PROBLEM TO WORK ON: In the entries below, repeat only the lines between those holding "Rasor Motormäher mit" and "北京快轨关键部位和重要环节验收办法(2015年131号文最新板)", inclusive. Leave pictures out.
***** THE INPUT
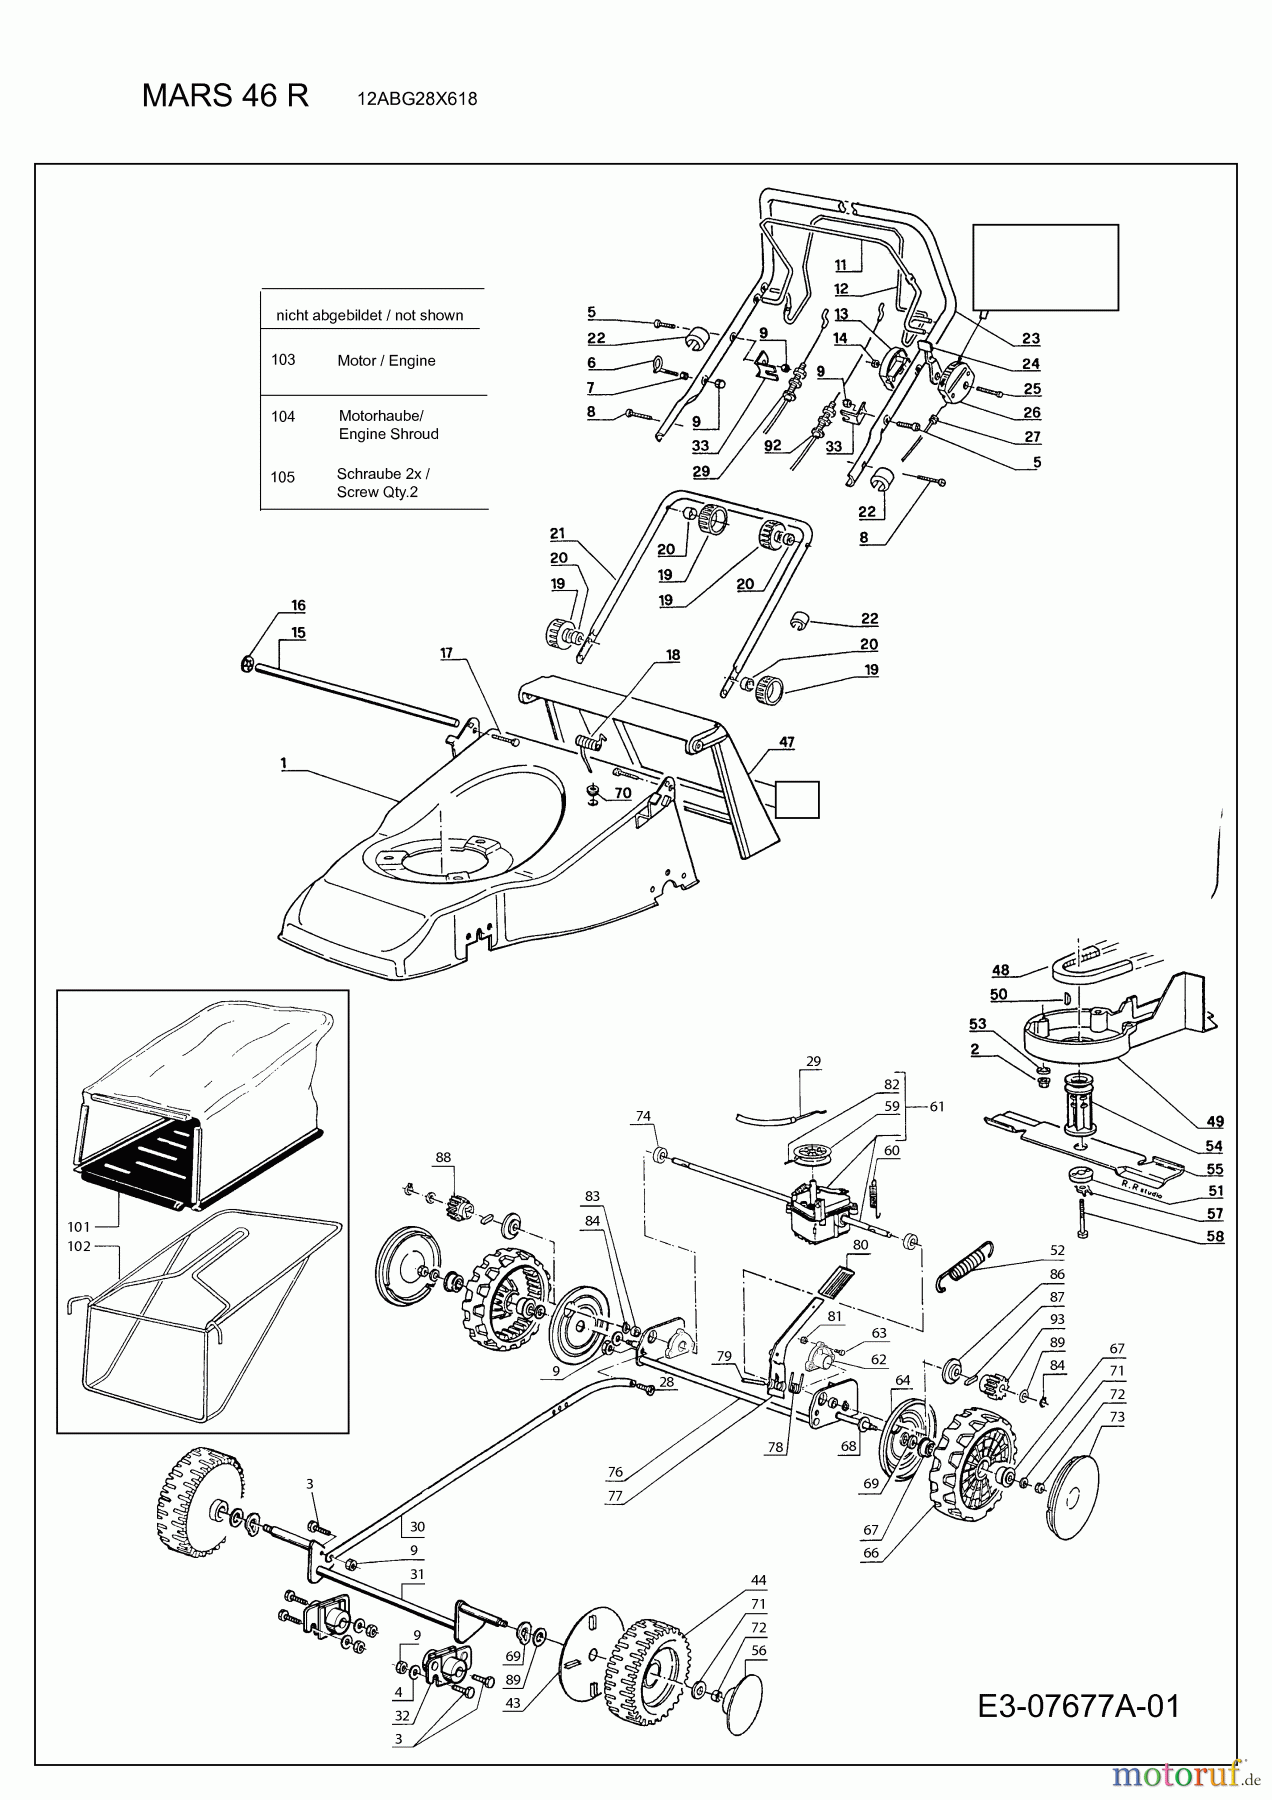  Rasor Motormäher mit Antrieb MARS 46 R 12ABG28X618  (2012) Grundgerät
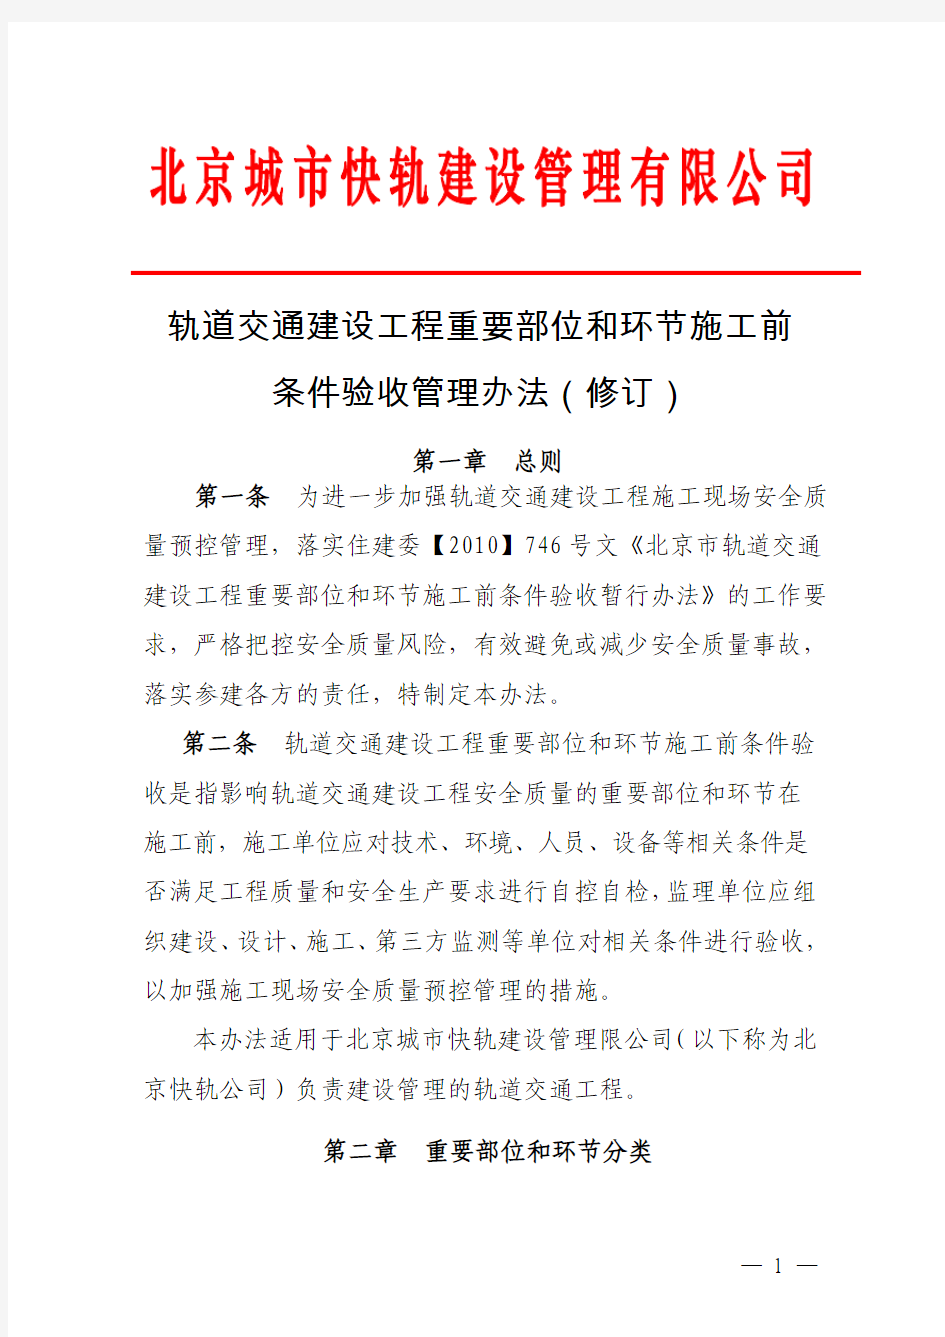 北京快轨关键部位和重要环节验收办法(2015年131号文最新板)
**********
***** THE INPUT
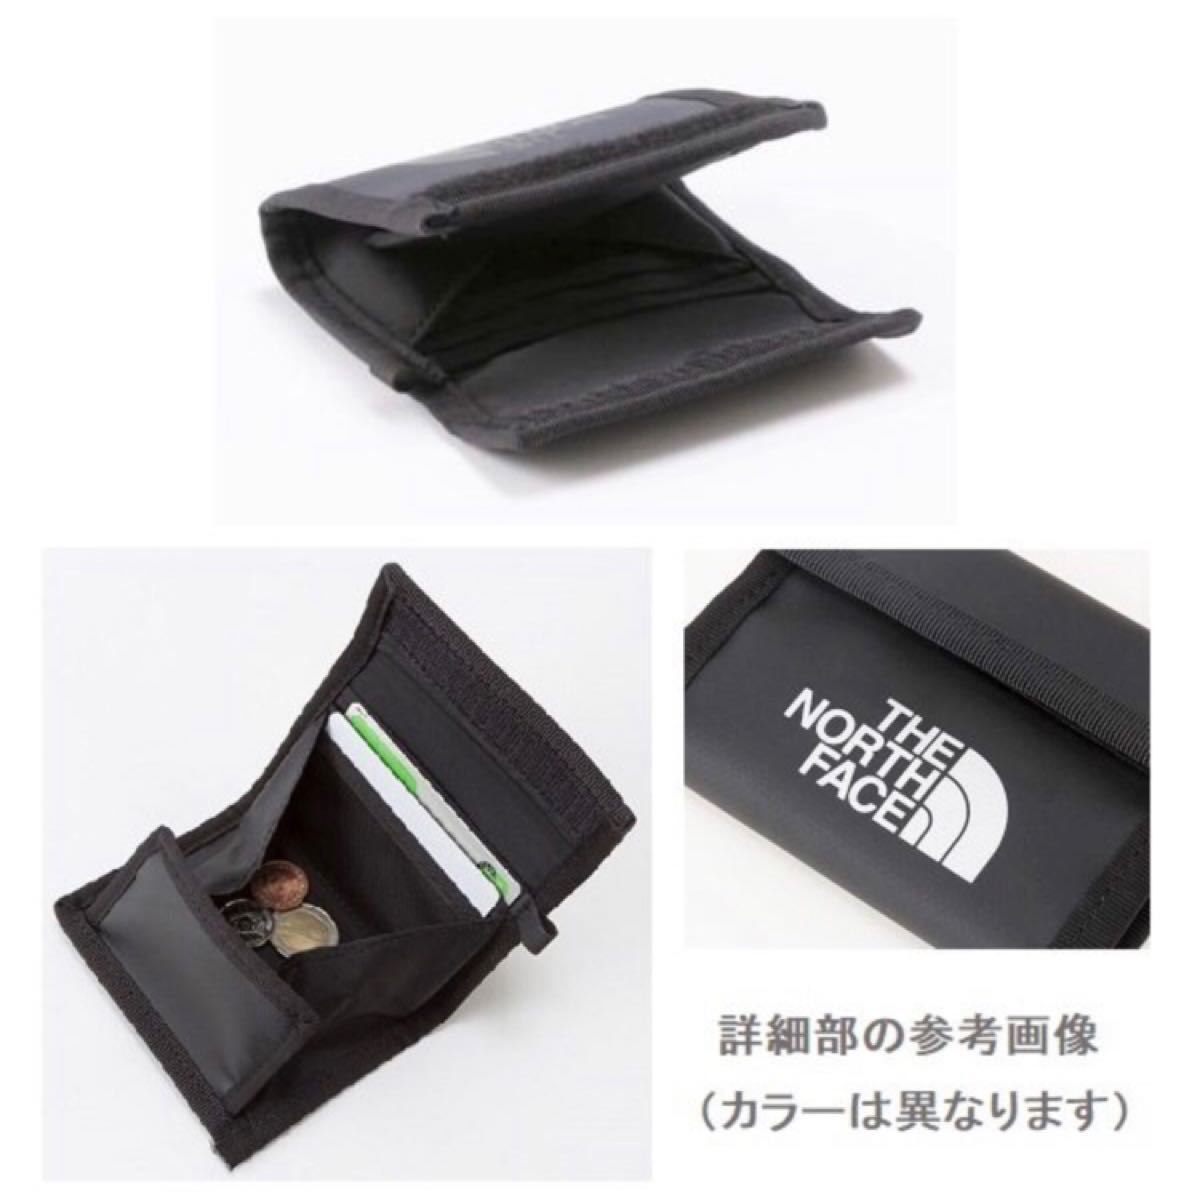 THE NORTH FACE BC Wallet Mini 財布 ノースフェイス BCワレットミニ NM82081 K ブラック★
**********
***** THE INPUT
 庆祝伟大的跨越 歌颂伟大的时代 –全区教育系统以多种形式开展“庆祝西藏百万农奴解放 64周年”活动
**********
WRITTEN ANSWER:
  Rasor Motormäher mit Antrieb MARS 46 R 12ABG28X618  (2012) Grundgerät
 北京快轨关键部位和重要环节验收办法(2015年131号文最新板)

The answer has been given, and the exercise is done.